In the third quarter of 2018, the once-dominant underwear brand Victoria’s Secret saw yet another dip in overall sales as it struggles to regain an audience that is increasingly choosing competitors. Two years ago, it held nearly 33 percent of the market. Now, that number had dropped significantly to just 24 percent. In the wake of Victoria’s Secret’s falling out of favor, a number of other brands are capitalizing on Victoria’s Secret’s losses.

ThirdLove, an inclusive underwear brand that recently launched a new rewards program called Hooked, is one competitor. As more customers begin to peel off of Victoria’s Secret and seek out other brands, ThirdLove is hoping that its first rewards program will help retain any of the Victoria’s Secret refugees just discovering the brand. Hooked is a fairly straightforward rewards program that gives customers increasingly valuable perks — free shipping, special discounts, etc. — based on how much they have spent with the brand over a lifetime.

But first, brands like ThirdLove need to attract those customers away from Victoria’s Secret. One of the key elements these brands are relying on is diversity, a notorious weakness for Victoria’s Secret. ThirdLove wasted no time pointing out Victoria’s Secret’s failings after CMO Ed Razek insulted plus-size and transgender women in a November interview with Vogue. The company’s CEO, Jan Singer, resigned a few days later. Heidi Zak, co-CEO of ThirdLove, penned an open letter in the New York Times admonishing Victoria’s Secret for creating an environment that is hostile to women outside of a narrowly conceived body type.

“We can’t not address Victoria’s Secret,” said Erica Richey, head of retention marketing at ThirdLove. “We are not going to pretend they are not a dominant player in the market. We’ve been really focused on creating a more inclusive model for our business, compared to Victoria’s Secret.”

For Richey, the market is moving away from the hegemonic influence that Victoria’s Secret has had over women’s underwear for so long.

“It’s an interesting space, because women are finally demanding more from the industry,” Richey said. “We’ve moved on to something that does not necessarily have to be sexy, but is comfortable and confident. That’s what’s happening right now.”

Serena Rees, founder of underwear brand Agent Provocateur, which she sold in 2007, is hoping that her new brand, Les Girls Les Boys, can also be an outlet for customers who are disillusioned with the outdated and overly rigid view of sexuality that Victoria’s Secret embodies. 

“This has been an immediate success for us so far, because everybody in the industry can see there’s change coming,” Ross said. “Victoria’s Secret has the biggest market share in the whole of the U.S. — billions of dollars. They know that there’s change, and they need to change to keep up.”

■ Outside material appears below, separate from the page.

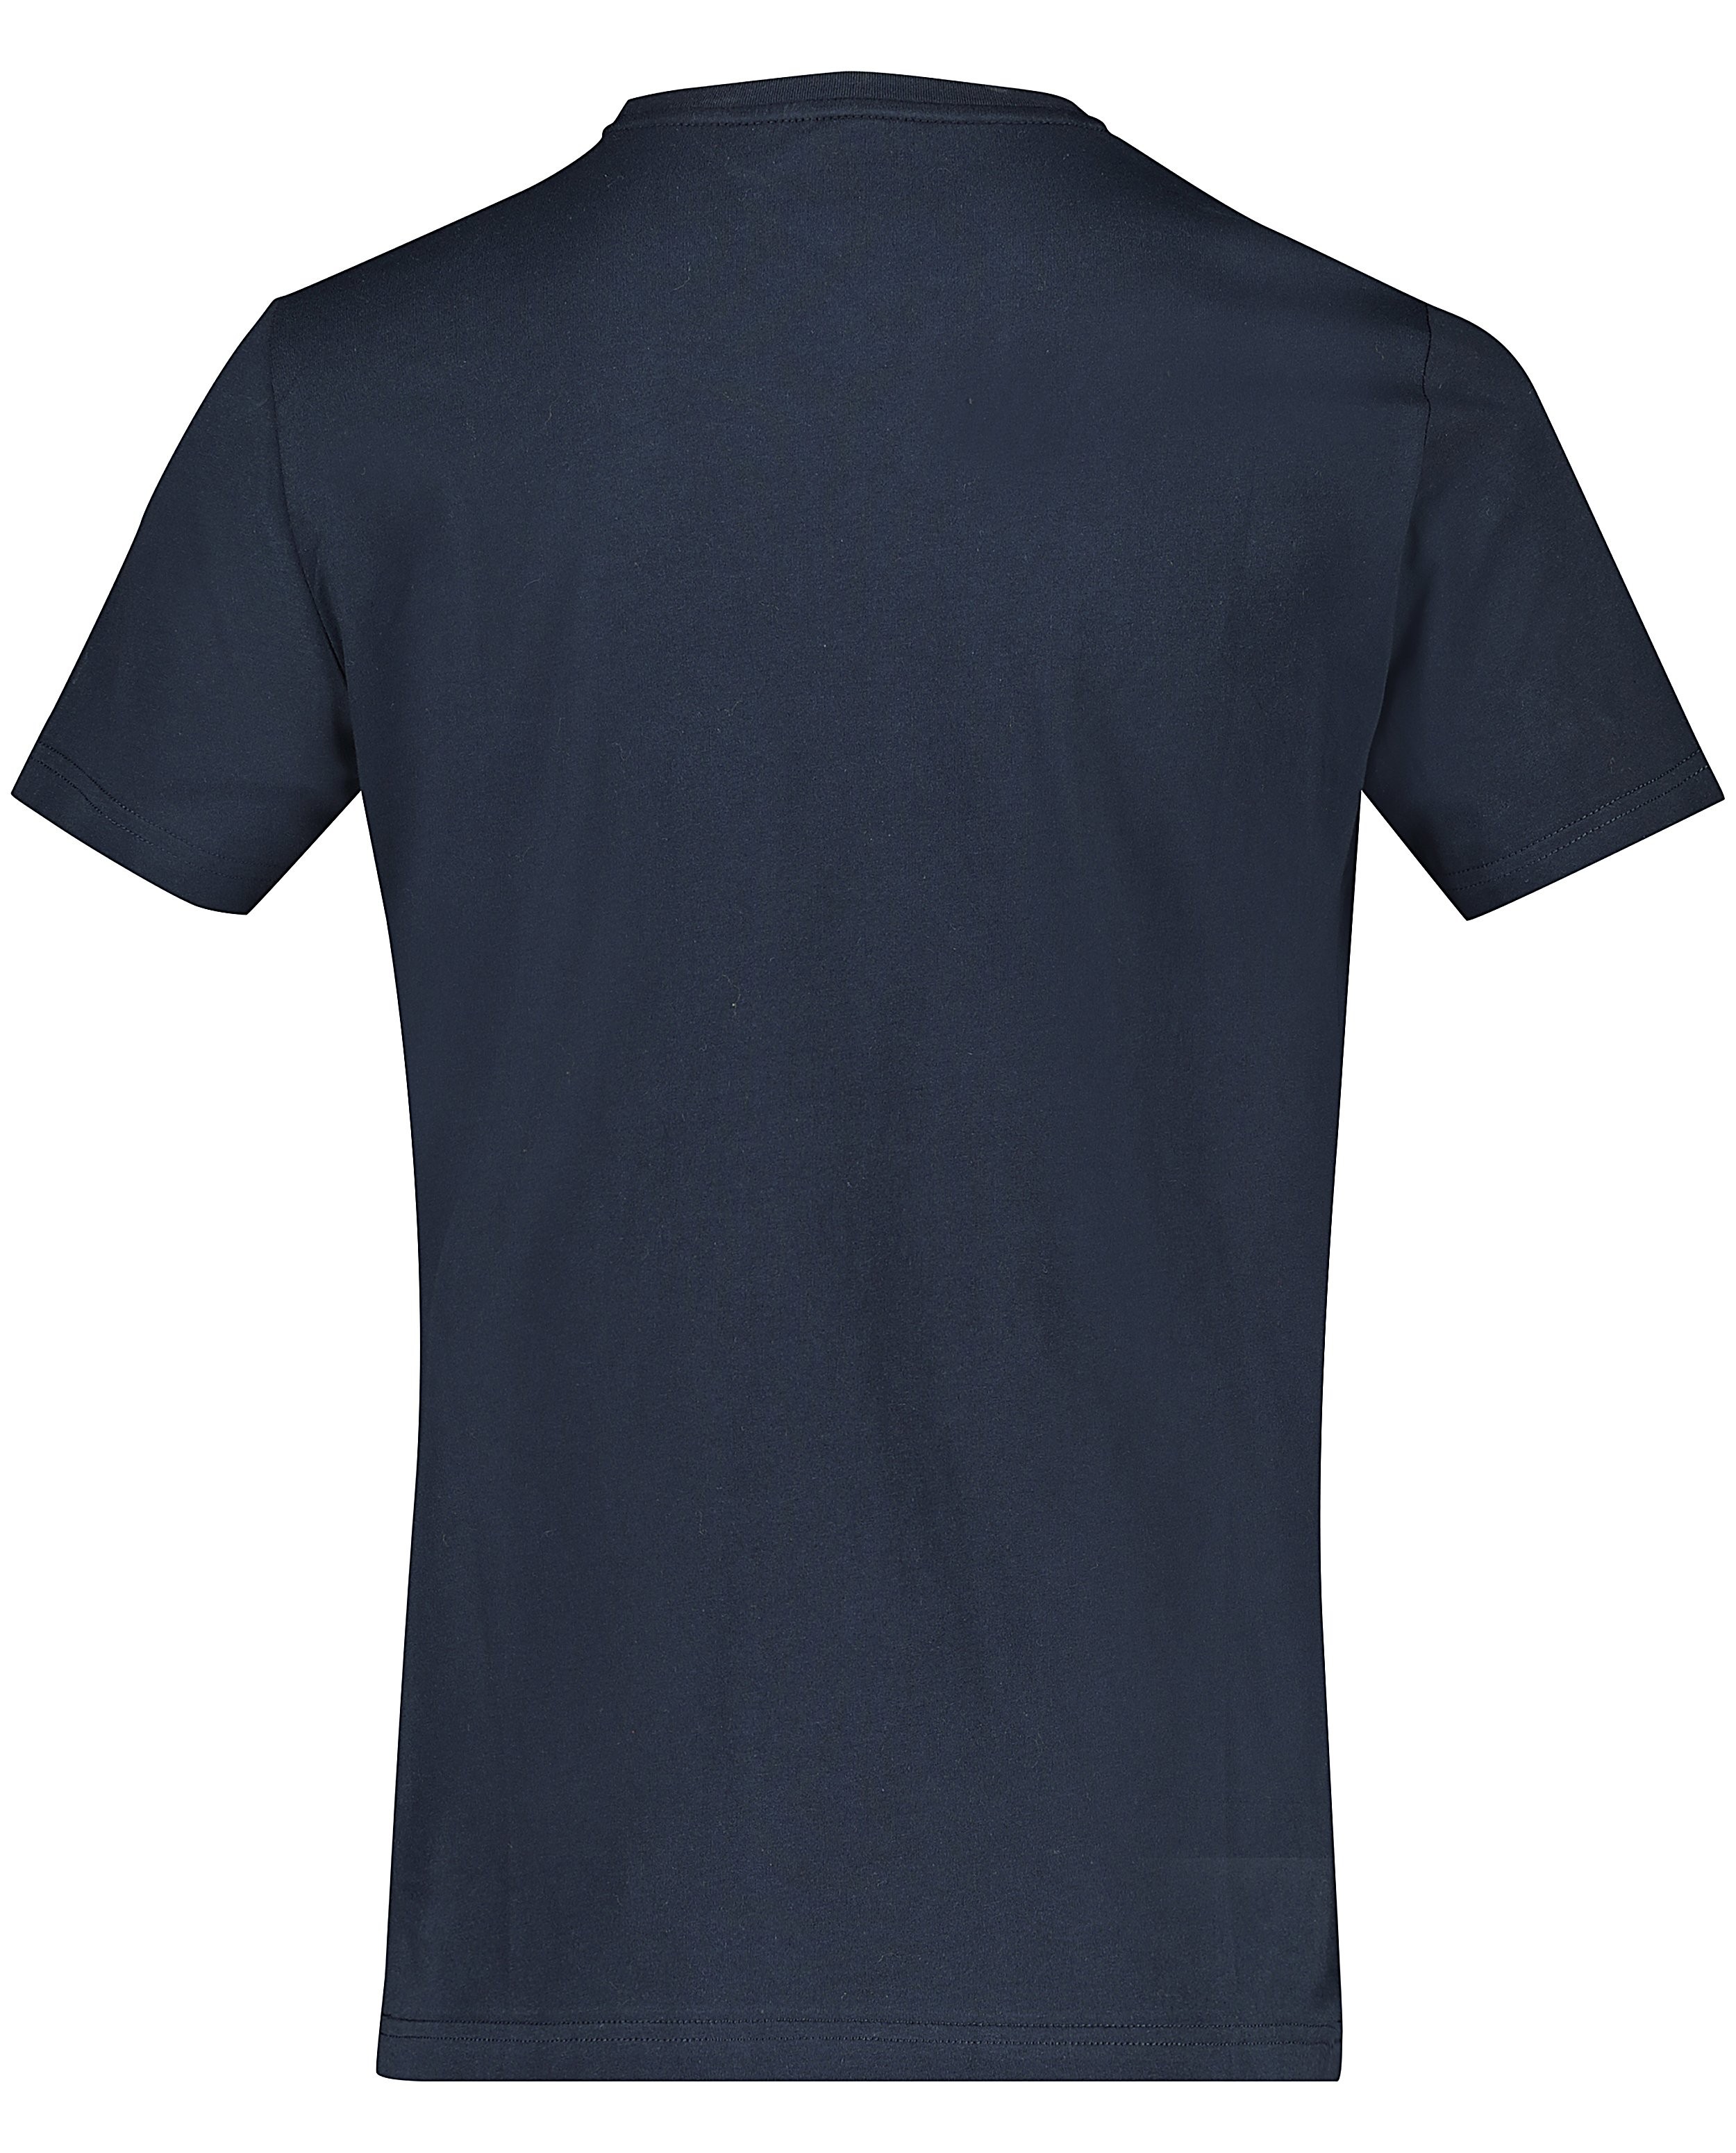 T-shirts - T-shirt bleu foncé à inscription

The environment Rees is building her new brand in is very different from the one she built Agent Provocateur in back in the 1990s. Victoria’s Secret is an undeniably massive presence in the women’s underwear market today, and even with all the trouble the brand has faced, it still has a massive share of the market. Any brand looking to enter the underwear market today needs to be aware of Victoria’s Secret and what it’s doing, she said.

“Obviously I’m interested in their market share,” Rees said. “I’m quite happy to take some of that, if they’re giving it up, which they are.”

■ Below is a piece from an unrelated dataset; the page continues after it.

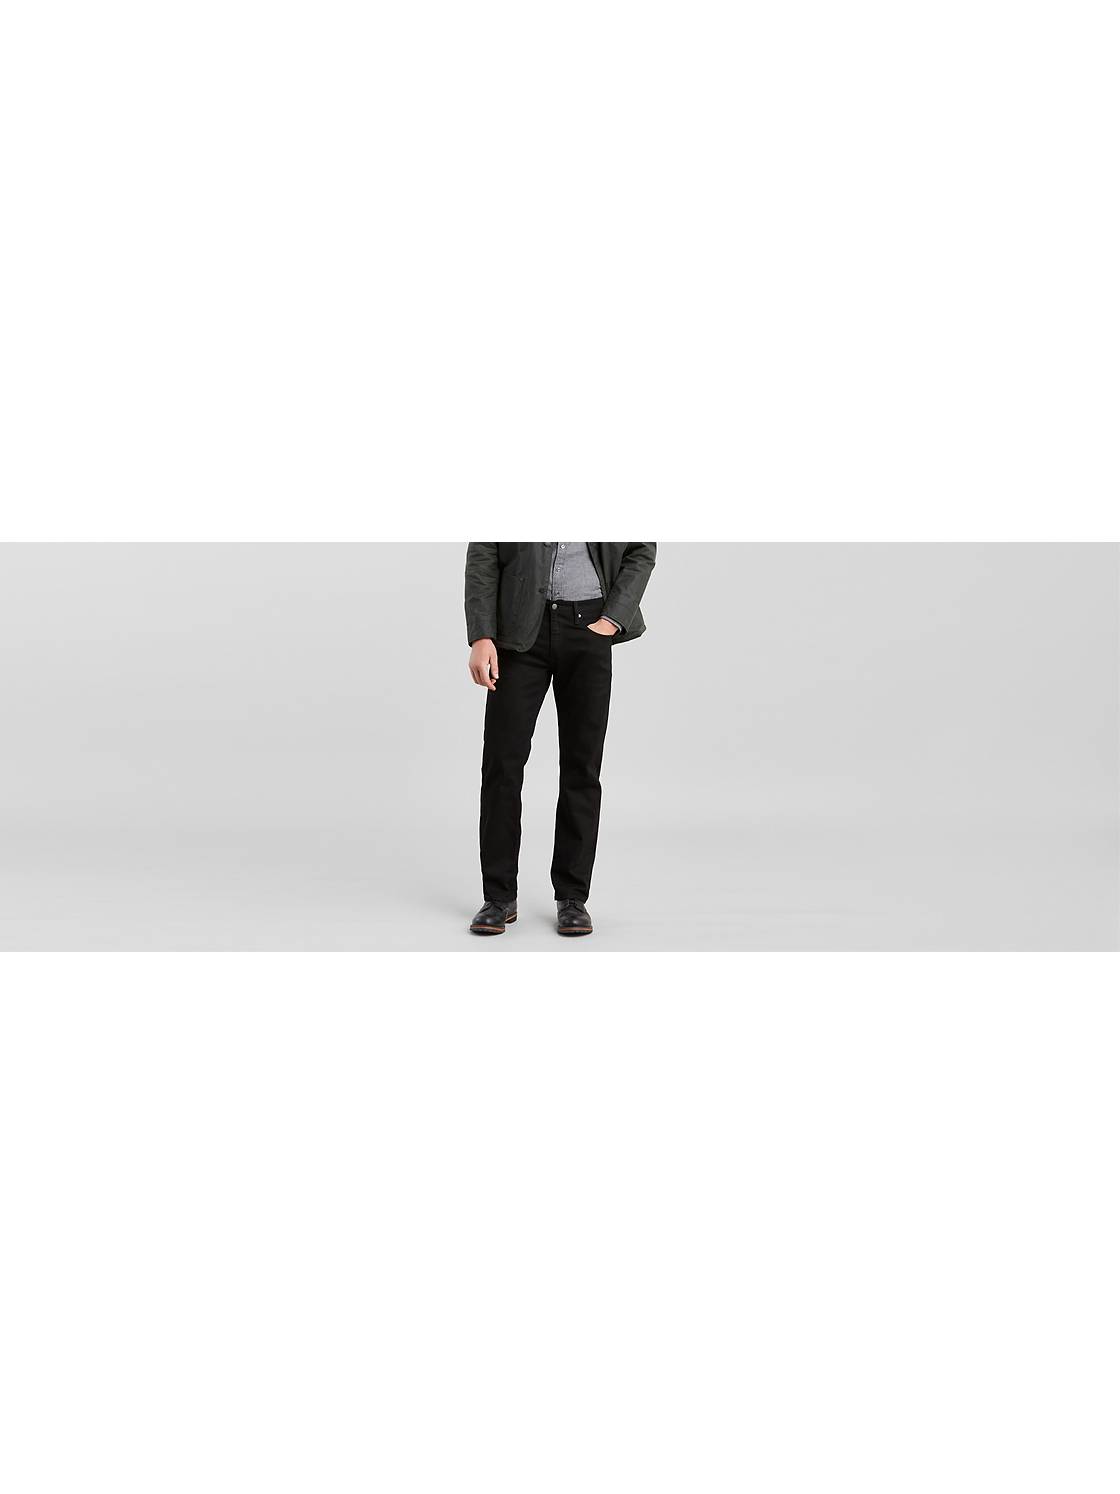 Men's Jeans: Shop Black Ripped Jeans & More | Levi's® US

Rees said brands like Victoria’s Secret, and even Agent Provocateur, helped create an environment that was meant to empower women to control their own sexuality, but they ended up making many women feel insecure or boxed in to certain male-oriented ways of viewing their bodies. Like ThirdLove, Les Girls Les Boys is meant to be a course correction for the underwear business as a whole.

“Business of Fashion called us a gender-fluid brand,”Rees said. “But we are not that. We make underwear, and it can be worn by anyone at any time, in any way. I watch how all these kids today interact with each other. They hang out and share everything; they share their clothing and feel fine with wearing each other’s clothes. It’s not that these kids are confused, necessarily. You don’t have to have some sort of label because you’re wearing men’s underwear and you’re a woman, or whatever; you can just be a woman wearing what you’re most comfortable in. That’s what is different about how people think about underwear today.”

As Victoria’s Secret continues to lose sales, other brands are considering it a perfect opportunity to establish themselves as viable alternatives.